Why You Should Never Fall in Love With the Creative

It’s the process (not the individual pieces) of content marketing that win the game in the long run.

I used to get paid to make cell phones fly.

No, really. My main client at BBDO was a major cellular network here in the US (hint: they used to use a lot of orange) and we were doing a ton of display work for them. I lead a team that produced probably 500 animated and rich media banners, and they were full of spinning, rotating, flying cell phones which did a pretty good job of catching the eye of online readers.

The iPhone had only just launched so there were a lot more types of cellphone on the market. Sliders, flips, candybars, phones with physical keyboards. The works.

The folks in orange could see the smartphone wave about to overtake the market, so our goal was presumably to sell off this stockpile of dumbphones before that happened.

So we had to create a huge amount of ads, and one way we scaled production was to develop system using templated creative. This way, we could insert a new phone model, images, and copy without having to recreate the entire piece each time.

It worked great. We fine-tuned a few versions and set up our process. Each time we were asked to sell a new phone, we could swap out the graphics, add in the phone images or 3D models, and boom: brand new ad.

But to me, the really interesting part was how much variance there was in the performance of each piece of creative.

I’m not kidding when I say these ads were practically identical. We sometimes ran 10 or more at the same time, and the only substantially different thing was the picture of the phone. But the clickthroughs on some of these ads were like 3X the others.

And the model of phone didn’t really seem to matter. The results would come in from our media agency, and the crappiest LG slider phones would outperform the newest, slickest Blackberry offerings. Or vice versa. Week over week, independent of targeting, the performance seemed to shift for no discernable reason.

I saw just how unpredictable creative work can be in the short term.

But it was working, and we were selling phones. So the important thing was that we kept up the work. Nobody got too bogged down in the creative details, and they certainly didn’t hold up the process with their creative opinions, because they didn’t need to.

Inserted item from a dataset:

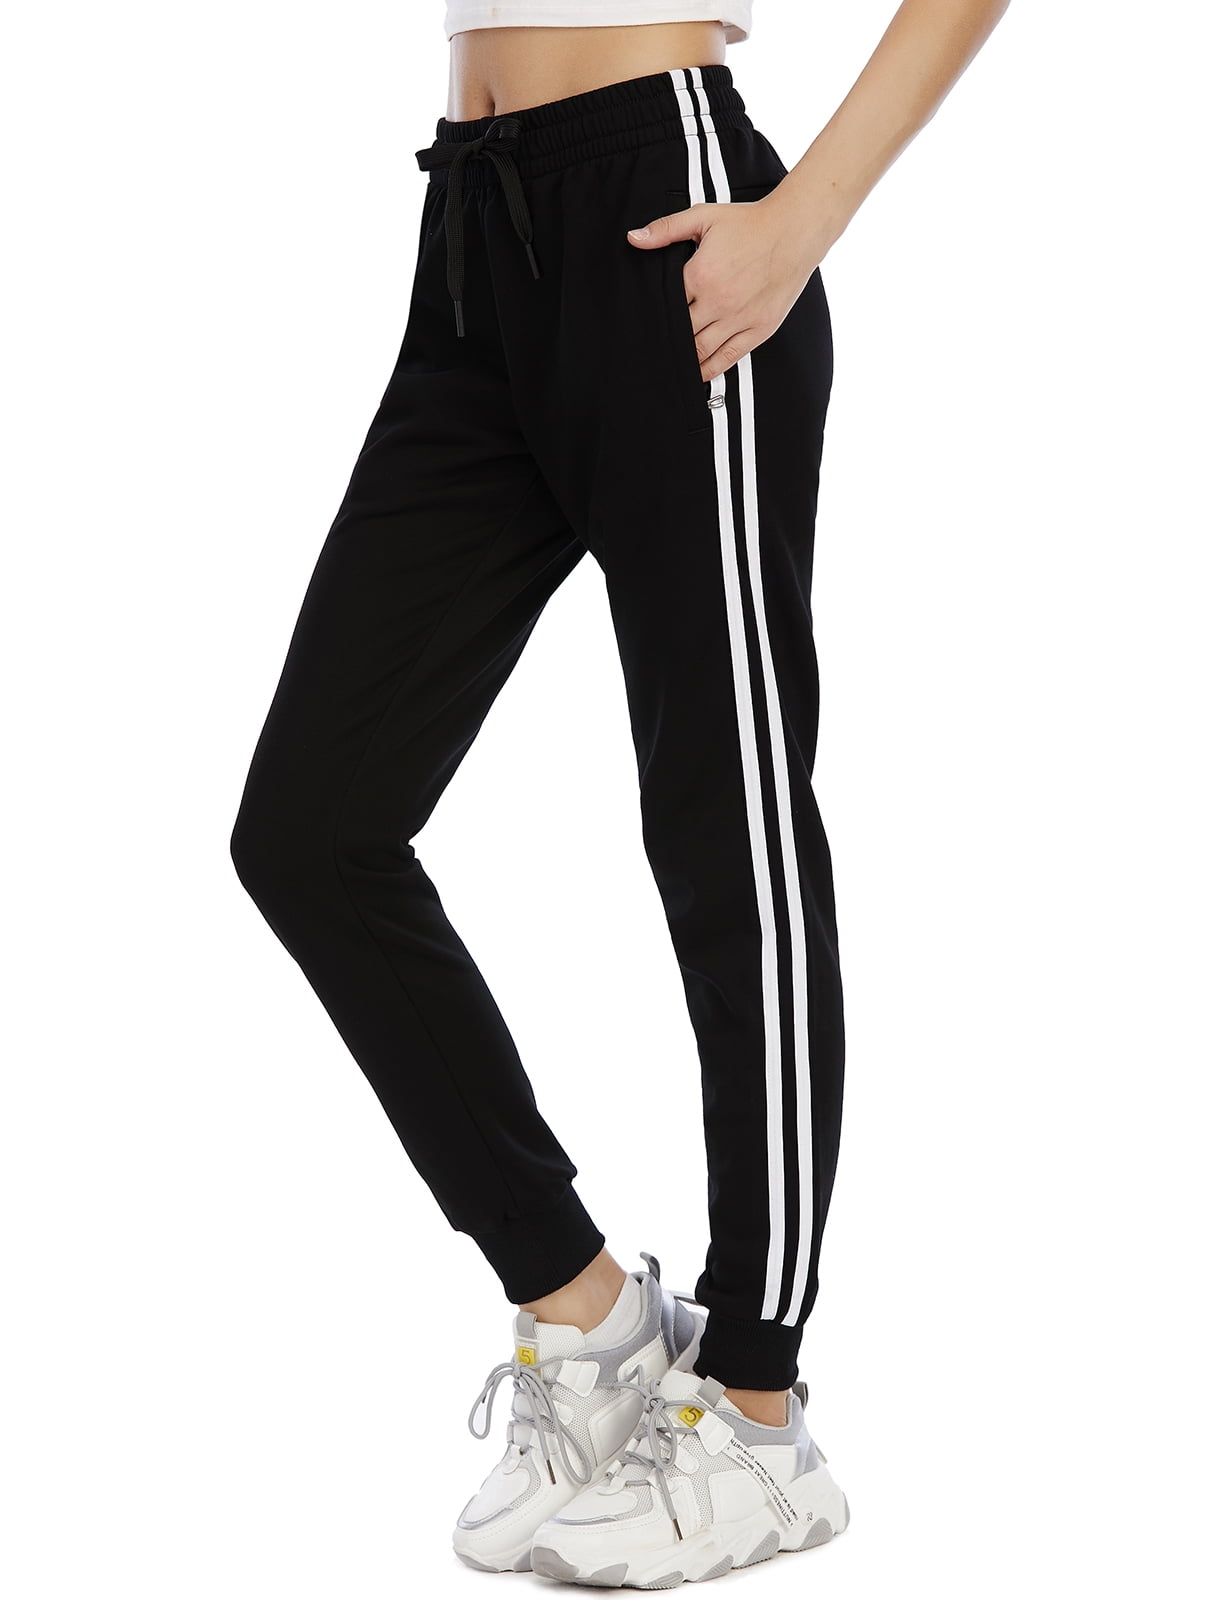 Bohuma Women's Sweatpants Joggers Pants Cotton Lightweight Breathable Soft for Running Pants

Week after week we cranked out new ad versions and at the end of the year, the overall effect was that the client’s business grew by another 10% and everyone was happy when they renewed for another year.

Can you really predict how the creative will perform?

Fast forward to today and I see the same thing in the content world.

At Fractl, we come up with a ton of creative content ideas. I’m serious when I say it’s not uncommon for the creative team to put 50+ ideas into a spreadsheet in a single morning. And we hold these ideation meetings daily.

The idea vetting process usually cuts that number down, but typically a handful of ideas get approved for production each day. And once you add in the ideas our clients often suggest, you can see how we can end up producing over a hundred content marketing pieces each month.

Production is lead by an experienced content producer, advised by an expert team of digital PR professionals, and vetted and approved through a rigorous peer review process.

And still…we get surprised by the performance numbers all the time.

Assets we fell in love with in production? Sometimes they fall flat.

Assets we produced to target a specific audience and weren’t expecting a huge response? Sometimes they kill it. Like, they get dozens and dozens of backlinks.

The most successful content brands keep playing the field

The lesson? Content is a long game. Each individual asset, campaign, or article may not perform the way you want it to. In fact it probably won’t. But as long as you remember a simple rule, you’re going to win:

Don’t fall in love with the creative. Just keep creating.

There is no single content idea that’s going to win in the long run. And even your home runs will be copied and done better by your competition next year.

The only way to win is to put a solid content creation process in place. That way you can keep the predictable AND unexpected wins coming.

Good content producers are humble

Good content producers don’t get caught up in debates of opinion over a single piece of content. They design each part of the process for the highest chance of success. They analyze past wins and set up standards to vet new work against benchmarks. 

And when your process is good, you can just trust it and usher work carefully and thoughtfully through the steps.

You know you’ll hit on a winning formula more times than not. So you don’t have to stress too much about any particular piece of creative.

Even if you love it. Even if it’s your favorite.

Great clients understand this part of the content creation process

They make it easy by trusting their creative people, and understanding that content is a long game.

They understand the often unspoken truth that as long as your creative work is solid, it’s almost impossible to predict which ideas will succeed. They know the important thing is to keep creating, and they’re happy to let us do that.

Because really…we’re not sure where the next big win is going to come from. But we know that by trusting the process, we’ll be sure to discover it.